(Available records):
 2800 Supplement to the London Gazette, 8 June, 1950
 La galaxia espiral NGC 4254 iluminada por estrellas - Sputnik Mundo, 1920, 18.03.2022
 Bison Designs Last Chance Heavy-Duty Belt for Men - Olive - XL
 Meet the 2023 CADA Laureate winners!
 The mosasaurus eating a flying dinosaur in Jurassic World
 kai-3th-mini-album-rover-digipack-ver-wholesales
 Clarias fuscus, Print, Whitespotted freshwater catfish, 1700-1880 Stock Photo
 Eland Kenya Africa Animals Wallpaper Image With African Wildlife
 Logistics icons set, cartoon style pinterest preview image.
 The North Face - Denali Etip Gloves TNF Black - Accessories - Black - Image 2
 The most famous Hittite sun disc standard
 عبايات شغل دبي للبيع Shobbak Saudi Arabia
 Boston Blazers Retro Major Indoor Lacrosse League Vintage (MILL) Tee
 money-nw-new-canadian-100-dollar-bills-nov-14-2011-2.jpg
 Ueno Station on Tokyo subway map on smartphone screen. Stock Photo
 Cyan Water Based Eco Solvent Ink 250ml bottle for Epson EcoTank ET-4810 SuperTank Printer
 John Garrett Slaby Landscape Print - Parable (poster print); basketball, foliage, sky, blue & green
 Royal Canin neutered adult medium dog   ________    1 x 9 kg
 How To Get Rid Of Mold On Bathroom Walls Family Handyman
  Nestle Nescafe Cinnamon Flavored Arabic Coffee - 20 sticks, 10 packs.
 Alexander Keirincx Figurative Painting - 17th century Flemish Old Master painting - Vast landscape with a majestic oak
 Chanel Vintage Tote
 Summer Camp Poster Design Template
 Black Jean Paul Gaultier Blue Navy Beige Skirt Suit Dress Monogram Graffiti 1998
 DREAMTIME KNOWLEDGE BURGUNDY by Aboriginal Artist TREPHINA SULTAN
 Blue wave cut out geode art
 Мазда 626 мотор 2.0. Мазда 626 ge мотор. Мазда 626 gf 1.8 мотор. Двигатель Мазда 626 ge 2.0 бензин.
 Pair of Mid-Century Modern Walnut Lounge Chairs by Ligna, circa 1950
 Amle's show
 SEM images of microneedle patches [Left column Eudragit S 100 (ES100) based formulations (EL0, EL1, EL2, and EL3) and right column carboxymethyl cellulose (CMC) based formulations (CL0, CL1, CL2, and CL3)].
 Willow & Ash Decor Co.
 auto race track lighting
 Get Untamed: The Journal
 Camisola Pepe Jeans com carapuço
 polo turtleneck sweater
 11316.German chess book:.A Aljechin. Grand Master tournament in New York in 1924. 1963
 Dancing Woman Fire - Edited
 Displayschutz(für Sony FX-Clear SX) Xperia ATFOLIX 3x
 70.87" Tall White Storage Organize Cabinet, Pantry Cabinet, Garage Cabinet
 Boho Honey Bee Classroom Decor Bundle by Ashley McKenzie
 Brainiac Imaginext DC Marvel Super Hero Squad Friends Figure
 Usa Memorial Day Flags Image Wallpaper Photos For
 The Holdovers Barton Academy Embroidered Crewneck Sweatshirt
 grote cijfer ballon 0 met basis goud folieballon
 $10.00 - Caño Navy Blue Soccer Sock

(Your goal): Write out all of the records once more, exactly.

(Result):
 2800 Supplement to the London Gazette, 8 June, 1950
 La galaxia espiral NGC 4254 iluminada por estrellas - Sputnik Mundo, 1920, 18.03.2022
 Bison Designs Last Chance Heavy-Duty Belt for Men - Olive - XL
 Meet the 2023 CADA Laureate winners!
 The mosasaurus eating a flying dinosaur in Jurassic World
 kai-3th-mini-album-rover-digipack-ver-wholesales
 Clarias fuscus, Print, Whitespotted freshwater catfish, 1700-1880 Stock Photo
 Eland Kenya Africa Animals Wallpaper Image With African Wildlife
 Logistics icons set, cartoon style pinterest preview image.
 The North Face - Denali Etip Gloves TNF Black - Accessories - Black - Image 2
 The most famous Hittite sun disc standard
 عبايات شغل دبي للبيع Shobbak Saudi Arabia
 Boston Blazers Retro Major Indoor Lacrosse League Vintage (MILL) Tee
 money-nw-new-canadian-100-dollar-bills-nov-14-2011-2.jpg
 Ueno Station on Tokyo subway map on smartphone screen. Stock Photo
 Cyan Water Based Eco Solvent Ink 250ml bottle for Epson EcoTank ET-4810 SuperTank Printer
 John Garrett Slaby Landscape Print - Parable (poster print); basketball, foliage, sky, blue & green
 Royal Canin neutered adult medium dog   ________    1 x 9 kg
 How To Get Rid Of Mold On Bathroom Walls Family Handyman
  Nestle Nescafe Cinnamon Flavored Arabic Coffee - 20 sticks, 10 packs.
 Alexander Keirincx Figurative Painting - 17th century Flemish Old Master painting - Vast landscape with a majestic oak
 Chanel Vintage Tote
 Summer Camp Poster Design Template
 Black Jean Paul Gaultier Blue Navy Beige Skirt Suit Dress Monogram Graffiti 1998
 DREAMTIME KNOWLEDGE BURGUNDY by Aboriginal Artist TREPHINA SULTAN
 Blue wave cut out geode art
 Мазда 626 мотор 2.0. Мазда 626 ge мотор. Мазда 626 gf 1.8 мотор. Двигатель Мазда 626 ge 2.0 бензин.
 Pair of Mid-Century Modern Walnut Lounge Chairs by Ligna, circa 1950
 Amle's show
 SEM images of microneedle patches [Left column Eudragit S 100 (ES100) based formulations (EL0, EL1, EL2, and EL3) and right column carboxymethyl cellulose (CMC) based formulations (CL0, CL1, CL2, and CL3)].
 Willow & Ash Decor Co.
 auto race track lighting
 Get Untamed: The Journal
 Camisola Pepe Jeans com carapuço
 polo turtleneck sweater
 11316.German chess book:.A Aljechin. Grand Master tournament in New York in 1924. 1963
 Dancing Woman Fire - Edited
 Displayschutz(für Sony FX-Clear SX) Xperia ATFOLIX 3x
 70.87" Tall White Storage Organize Cabinet, Pantry Cabinet, Garage Cabinet
 Boho Honey Bee Classroom Decor Bundle by Ashley McKenzie
 Brainiac Imaginext DC Marvel Super Hero Squad Friends Figure
 Usa Memorial Day Flags Image Wallpaper Photos For
 The Holdovers Barton Academy Embroidered Crewneck Sweatshirt
 grote cijfer ballon 0 met basis goud folieballon
 $10.00 - Caño Navy Blue Soccer Sock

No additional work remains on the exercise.